### Raw data
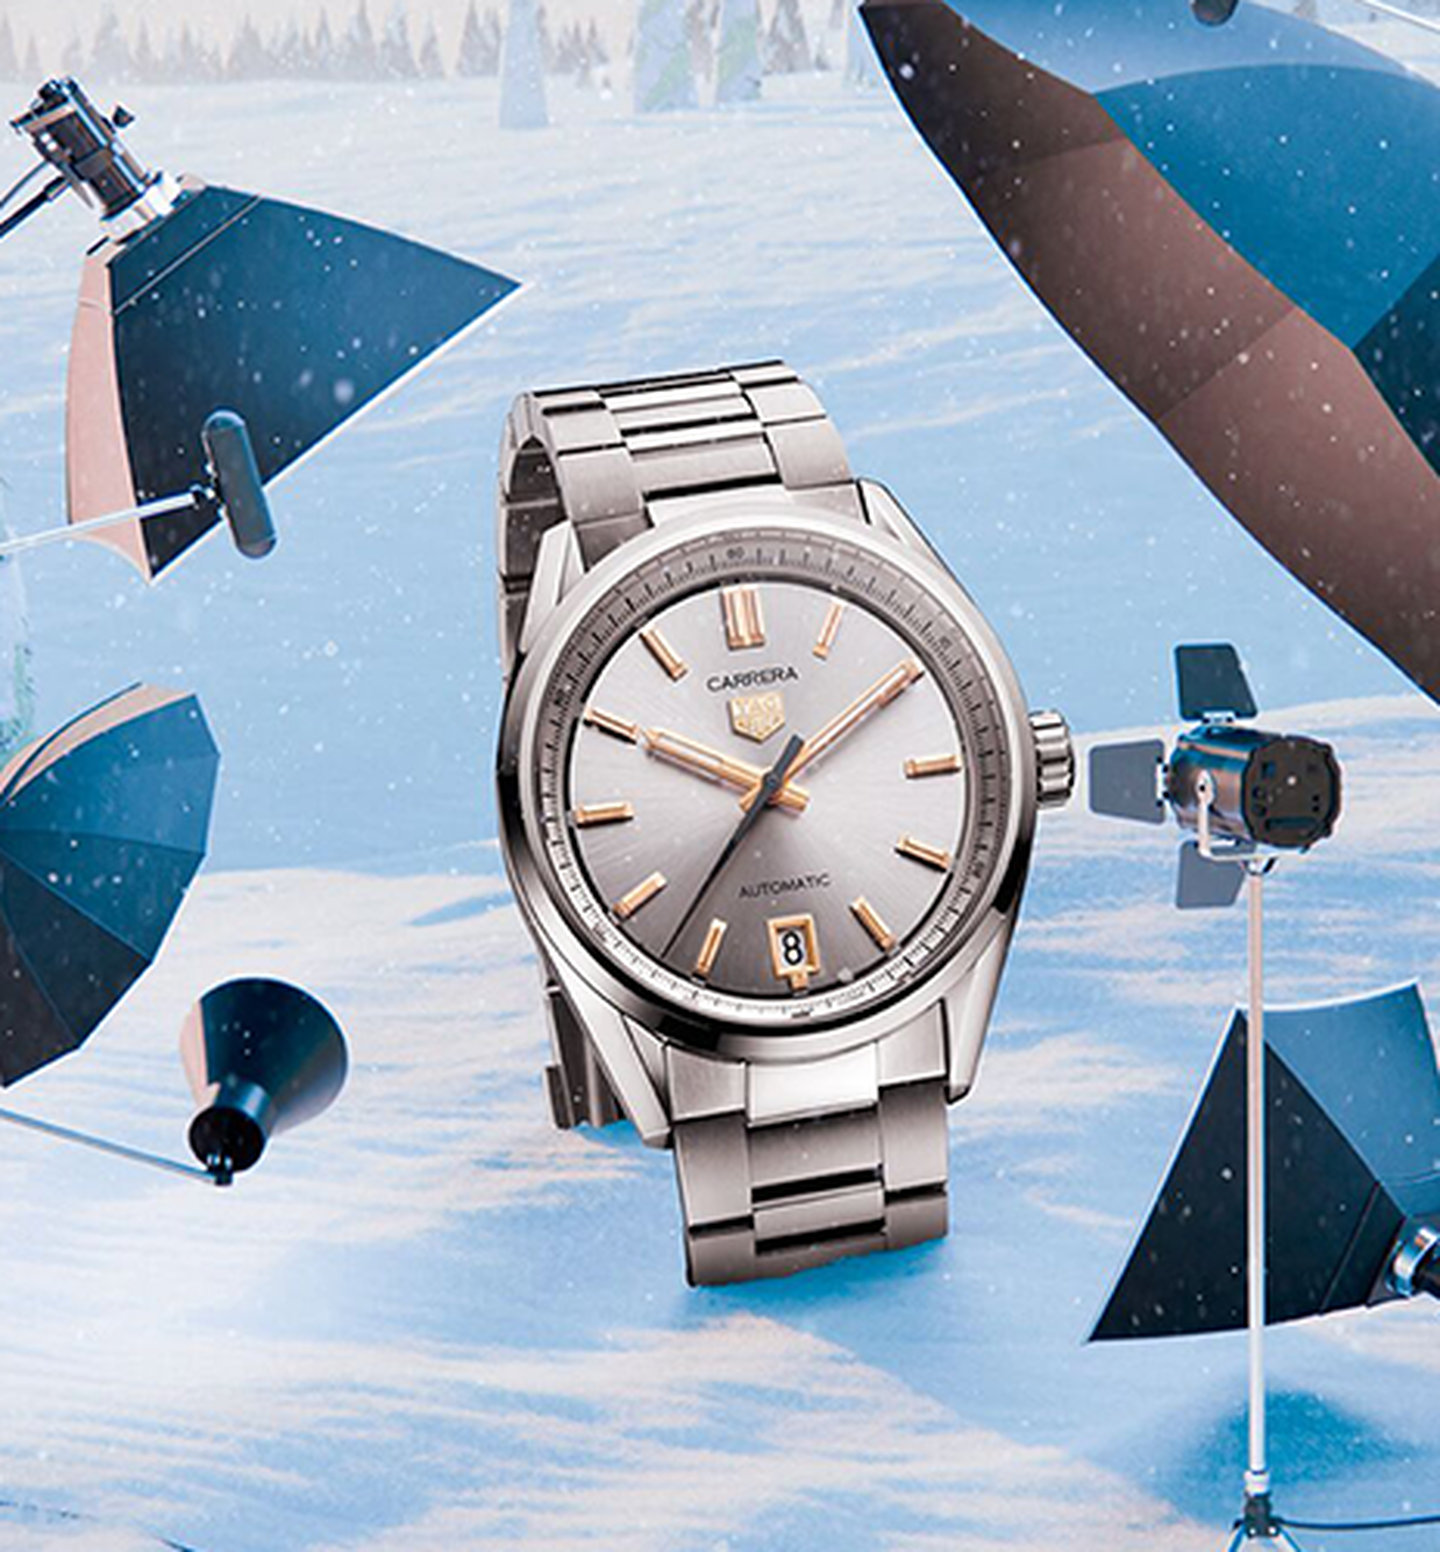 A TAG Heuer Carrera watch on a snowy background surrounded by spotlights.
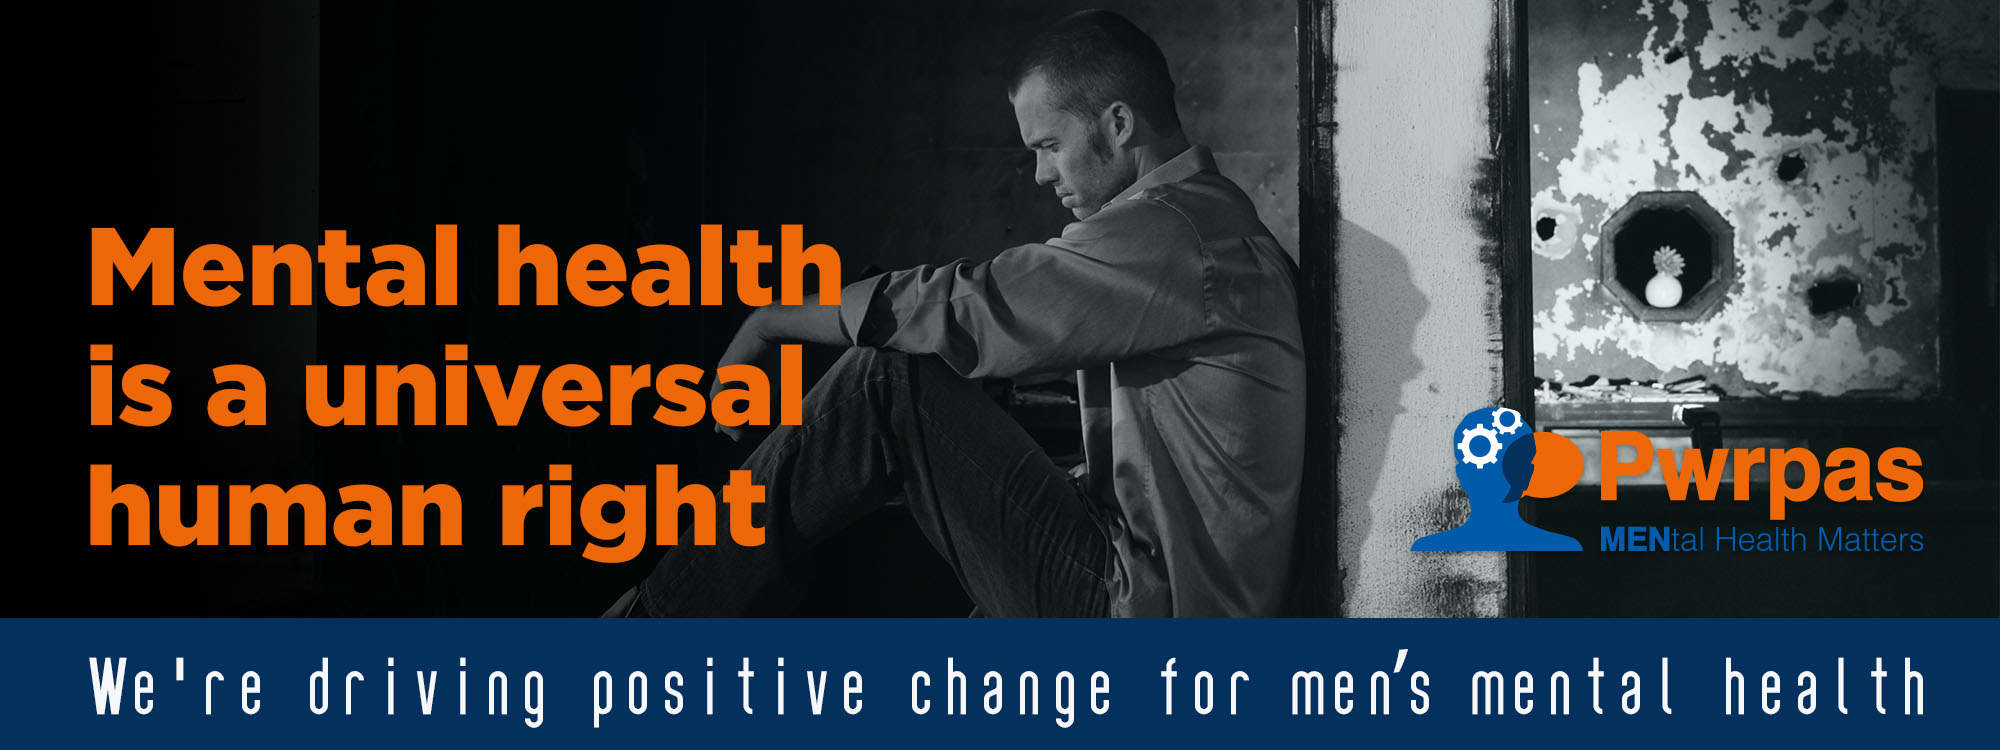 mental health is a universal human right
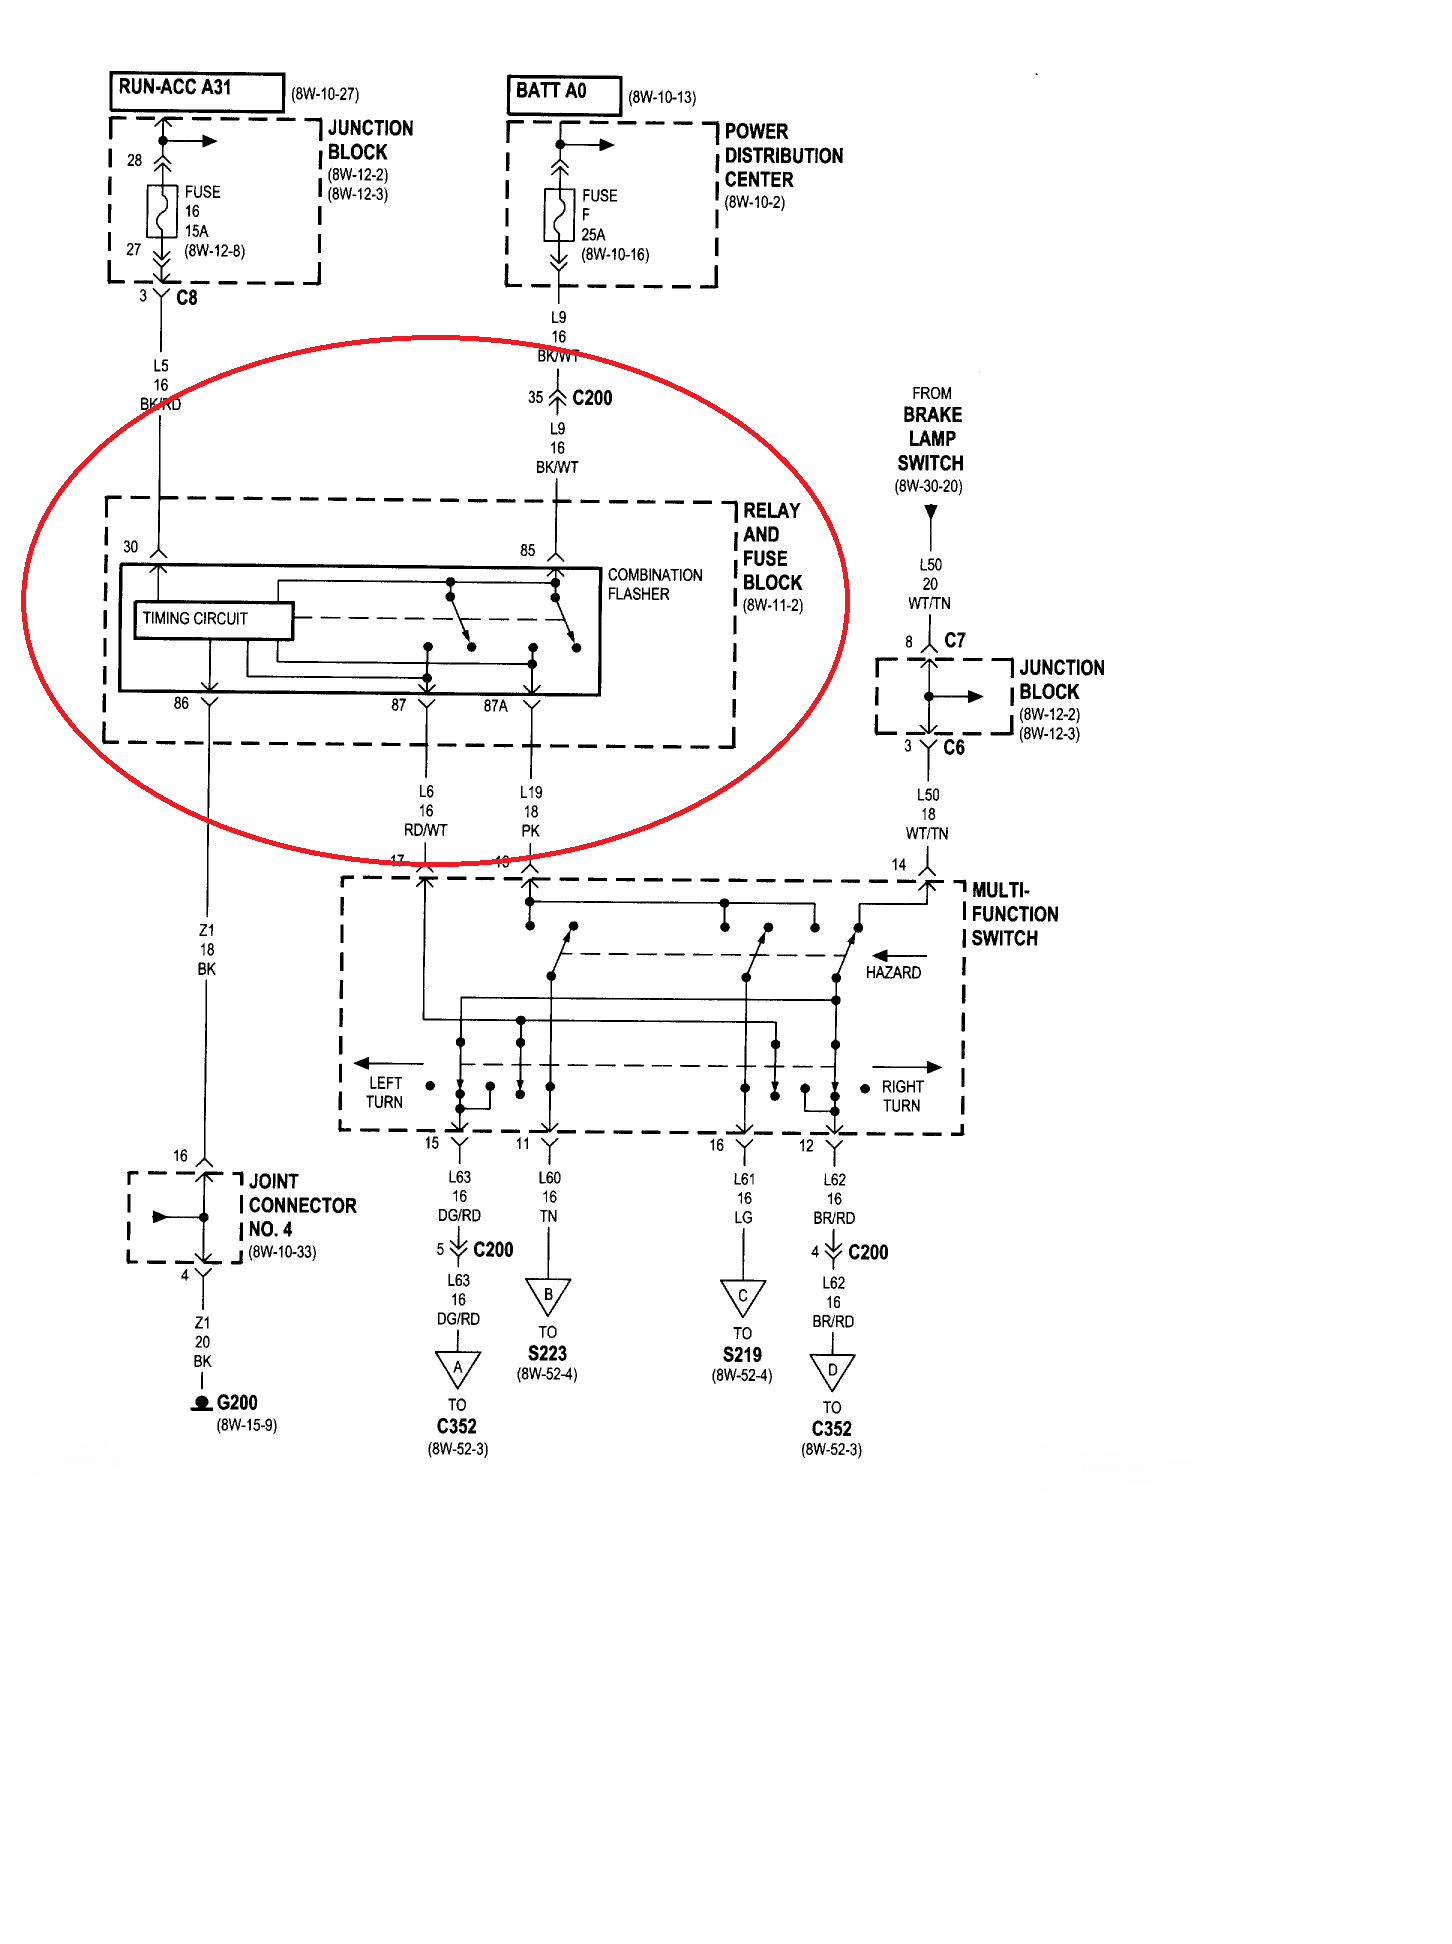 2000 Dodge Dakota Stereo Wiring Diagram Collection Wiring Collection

### Task description
Write out each line again, exactly as it appears above, except for any picture.

### Solved problem
 A TAG Heuer Carrera watch on a snowy background surrounded by spotlights.
 mental health is a universal human right
 2000 Dodge Dakota Stereo Wiring Diagram Collection Wiring Collection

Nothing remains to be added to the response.